Check the allowlist of Layered Network Management

Layered Network Management blocks traffic if the destination domain isn't on the allowlist.

  1. Run the following command to list the config maps.

    kubectl get cm -n azure-iot-operations
    
  2. The output should look like the following example:

    NAME                           DATA   AGE
    aio-lnm-level4-config          1      50s
    aio-lnm-level4-client-config   1      50s
    
  3. The xxx-client-config contains the allowlist. Run:

    kubectl get cm aio-lnm-level4-client-config -o yaml
    
  4. All the allowed domains are listed in the output.

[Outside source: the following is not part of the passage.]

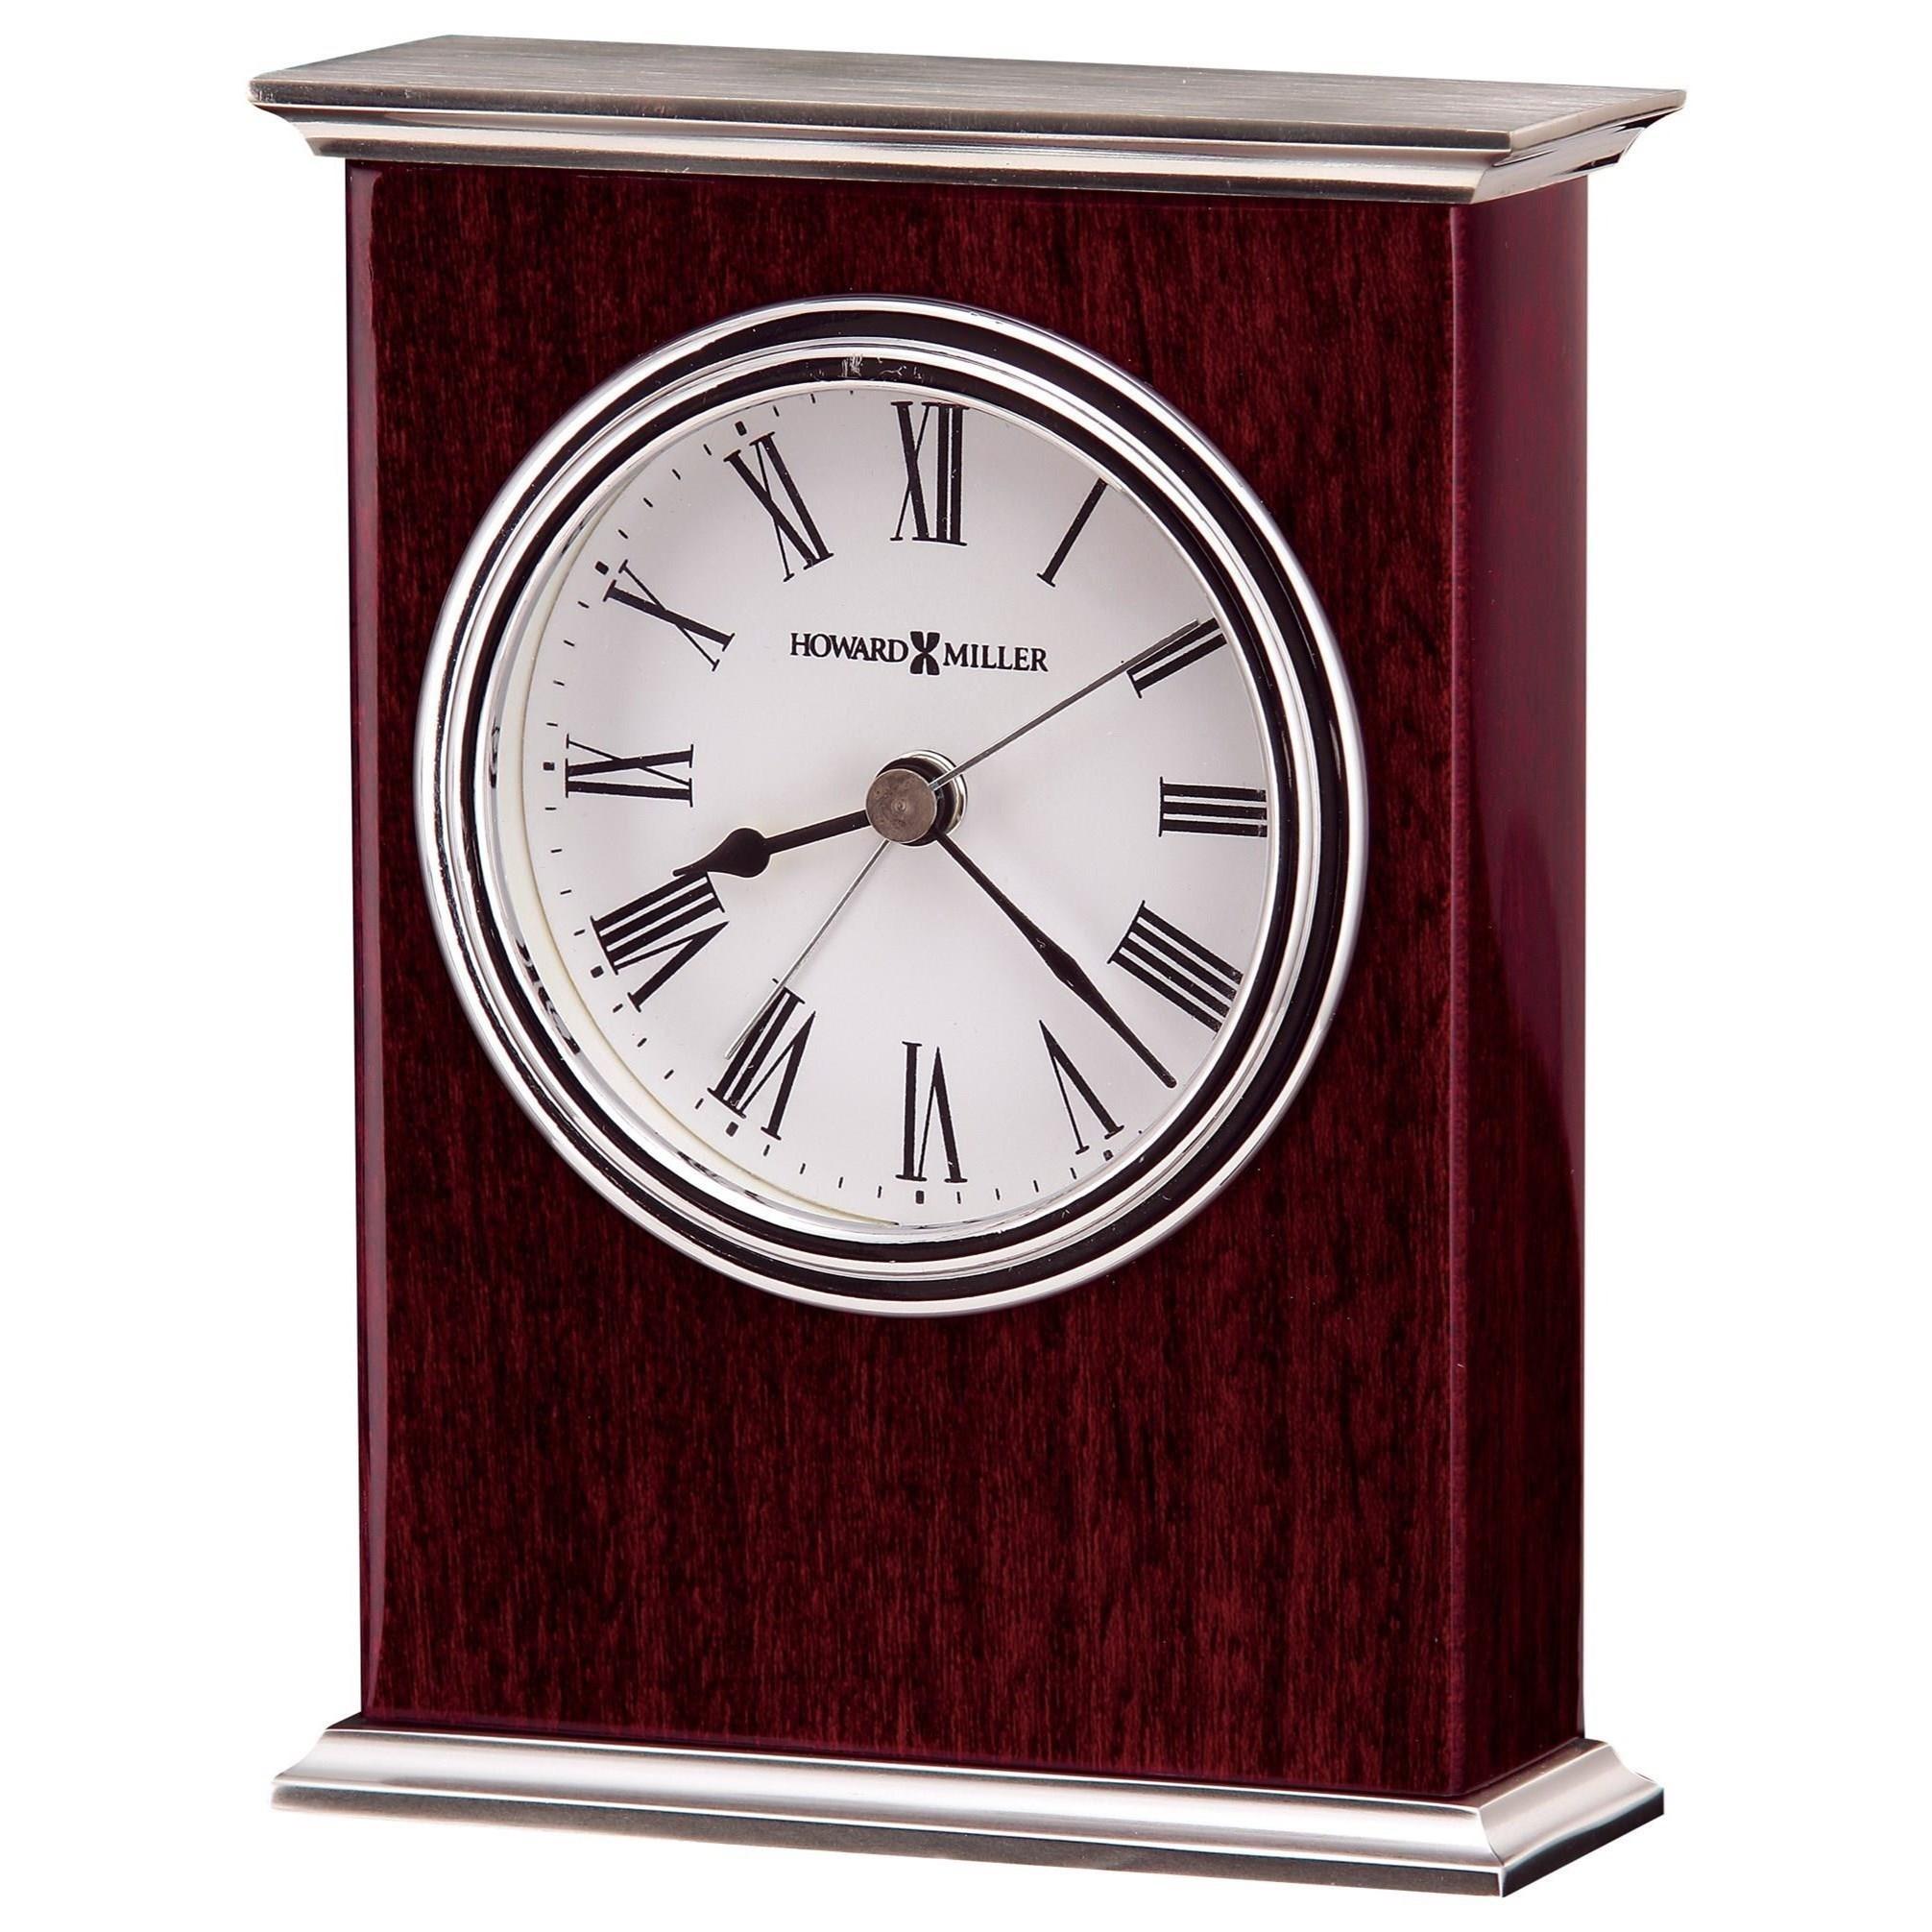 Howard Miller Table U0026 Mantel Clocks Kentwood Table Alarm Clock

Capture Layered Network Management packet trace

In some cases, you might suspect that Layered Network Management instance at the parent level isn't forwarding network traffic to a particular endpoint. Connection to a required endpoint is causing an issue for the service running on your node. It's possible that the service you enabled is trying to connect to a new endpoint after an update. Or you're trying to install a new Arc extension or service that requires connection to endpoints that aren't on the default allowlist. Usually there would be information in the error message to notify the connection failure. However, if there's no clear information about the missing endpoint, you can capture the network traffic on the child node for detailed debugging.

Windows host

  1. Install Wireshark network traffic analyzer on the host.
  2. Run Wireshark and start capturing.
  3. Reproduce the installation or connection failure.
  4. Stop capturing.

Linux host

  1. Run the following command to start capturing:

    sudo tcpdump -W 5 -C 10 -i any -w AIO-deploy -Z root
    
  2. Reproduce the installation or connection failure.

  3. Stop capturing.

Analyze the packet trace

Use Wireshark to open the trace file. Look for connection failures or unresponsive connections.

  1. Filter the packets with the ip.addr == [IP address] parameter. Input the IP address of your custom DNS service address.
  2. Review the DNS query and response, check if there's a domain name that isn't on the allowlist of Layered Network Management.

Operations experience

To sign in to the operations experience web UI, you need a Microsoft Entra ID account with at least contributor permissions for the resource group that contains your Kubernetes - Azure Arc instance.

If you receive one of the following error messages:

  • A problem occurred getting unassigned instances
  • Message: The request is not authorized
  • Code: PermissionDenied

Verify your Microsoft Entra ID account meets the requirements in the prerequisites section for operations experience access.